WORK TASK: A faithful copy of the whole listing is required, with nothing left out.

[[ DATA EXTRACT, beginning ]]

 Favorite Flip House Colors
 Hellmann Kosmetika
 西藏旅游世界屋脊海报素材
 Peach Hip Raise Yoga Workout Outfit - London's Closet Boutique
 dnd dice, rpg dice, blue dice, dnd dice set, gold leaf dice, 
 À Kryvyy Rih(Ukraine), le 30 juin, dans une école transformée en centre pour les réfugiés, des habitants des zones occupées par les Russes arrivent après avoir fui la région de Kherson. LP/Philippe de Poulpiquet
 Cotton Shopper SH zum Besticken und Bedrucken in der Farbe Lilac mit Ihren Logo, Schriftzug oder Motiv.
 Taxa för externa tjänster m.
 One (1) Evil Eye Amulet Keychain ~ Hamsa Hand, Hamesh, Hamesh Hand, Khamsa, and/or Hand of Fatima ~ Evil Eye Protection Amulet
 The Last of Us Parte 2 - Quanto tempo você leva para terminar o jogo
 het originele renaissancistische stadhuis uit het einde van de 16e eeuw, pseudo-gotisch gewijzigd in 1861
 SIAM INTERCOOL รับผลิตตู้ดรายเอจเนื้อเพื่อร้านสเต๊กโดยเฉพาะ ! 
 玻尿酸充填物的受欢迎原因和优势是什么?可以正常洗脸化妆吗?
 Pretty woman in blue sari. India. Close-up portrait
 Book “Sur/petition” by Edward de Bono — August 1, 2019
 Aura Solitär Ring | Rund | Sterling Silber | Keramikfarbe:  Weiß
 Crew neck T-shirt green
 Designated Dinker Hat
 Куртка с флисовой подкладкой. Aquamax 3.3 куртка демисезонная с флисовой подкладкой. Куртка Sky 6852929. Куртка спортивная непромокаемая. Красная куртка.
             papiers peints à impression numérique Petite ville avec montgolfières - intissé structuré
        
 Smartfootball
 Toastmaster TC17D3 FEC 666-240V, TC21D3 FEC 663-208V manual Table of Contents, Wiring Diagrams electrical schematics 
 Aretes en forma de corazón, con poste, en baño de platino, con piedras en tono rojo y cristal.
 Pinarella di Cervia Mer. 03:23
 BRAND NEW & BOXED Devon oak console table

[[ DATA EXTRACT, end ]]

ANSWER FOR THE TASK:
 Favorite Flip House Colors
 Hellmann Kosmetika
 西藏旅游世界屋脊海报素材
 Peach Hip Raise Yoga Workout Outfit - London's Closet Boutique
 dnd dice, rpg dice, blue dice, dnd dice set, gold leaf dice, 
 À Kryvyy Rih(Ukraine), le 30 juin, dans une école transformée en centre pour les réfugiés, des habitants des zones occupées par les Russes arrivent après avoir fui la région de Kherson. LP/Philippe de Poulpiquet
 Cotton Shopper SH zum Besticken und Bedrucken in der Farbe Lilac mit Ihren Logo, Schriftzug oder Motiv.
 Taxa för externa tjänster m.
 One (1) Evil Eye Amulet Keychain ~ Hamsa Hand, Hamesh, Hamesh Hand, Khamsa, and/or Hand of Fatima ~ Evil Eye Protection Amulet
 The Last of Us Parte 2 - Quanto tempo você leva para terminar o jogo
 het originele renaissancistische stadhuis uit het einde van de 16e eeuw, pseudo-gotisch gewijzigd in 1861
 SIAM INTERCOOL รับผลิตตู้ดรายเอจเนื้อเพื่อร้านสเต๊กโดยเฉพาะ ! 
 玻尿酸充填物的受欢迎原因和优势是什么?可以正常洗脸化妆吗?
 Pretty woman in blue sari. India. Close-up portrait
 Book “Sur/petition” by Edward de Bono — August 1, 2019
 Aura Solitär Ring | Rund | Sterling Silber | Keramikfarbe:  Weiß
 Crew neck T-shirt green
 Designated Dinker Hat
 Куртка с флисовой подкладкой. Aquamax 3.3 куртка демисезонная с флисовой подкладкой. Куртка Sky 6852929. Куртка спортивная непромокаемая. Красная куртка.
             papiers peints à impression numérique Petite ville avec montgolfières - intissé structuré
        
 Smartfootball
 Toastmaster TC17D3 FEC 666-240V, TC21D3 FEC 663-208V manual Table of Contents, Wiring Diagrams electrical schematics 
 Aretes en forma de corazón, con poste, en baño de platino, con piedras en tono rojo y cristal.
 Pinarella di Cervia Mer. 03:23
 BRAND NEW & BOXED Devon oak console table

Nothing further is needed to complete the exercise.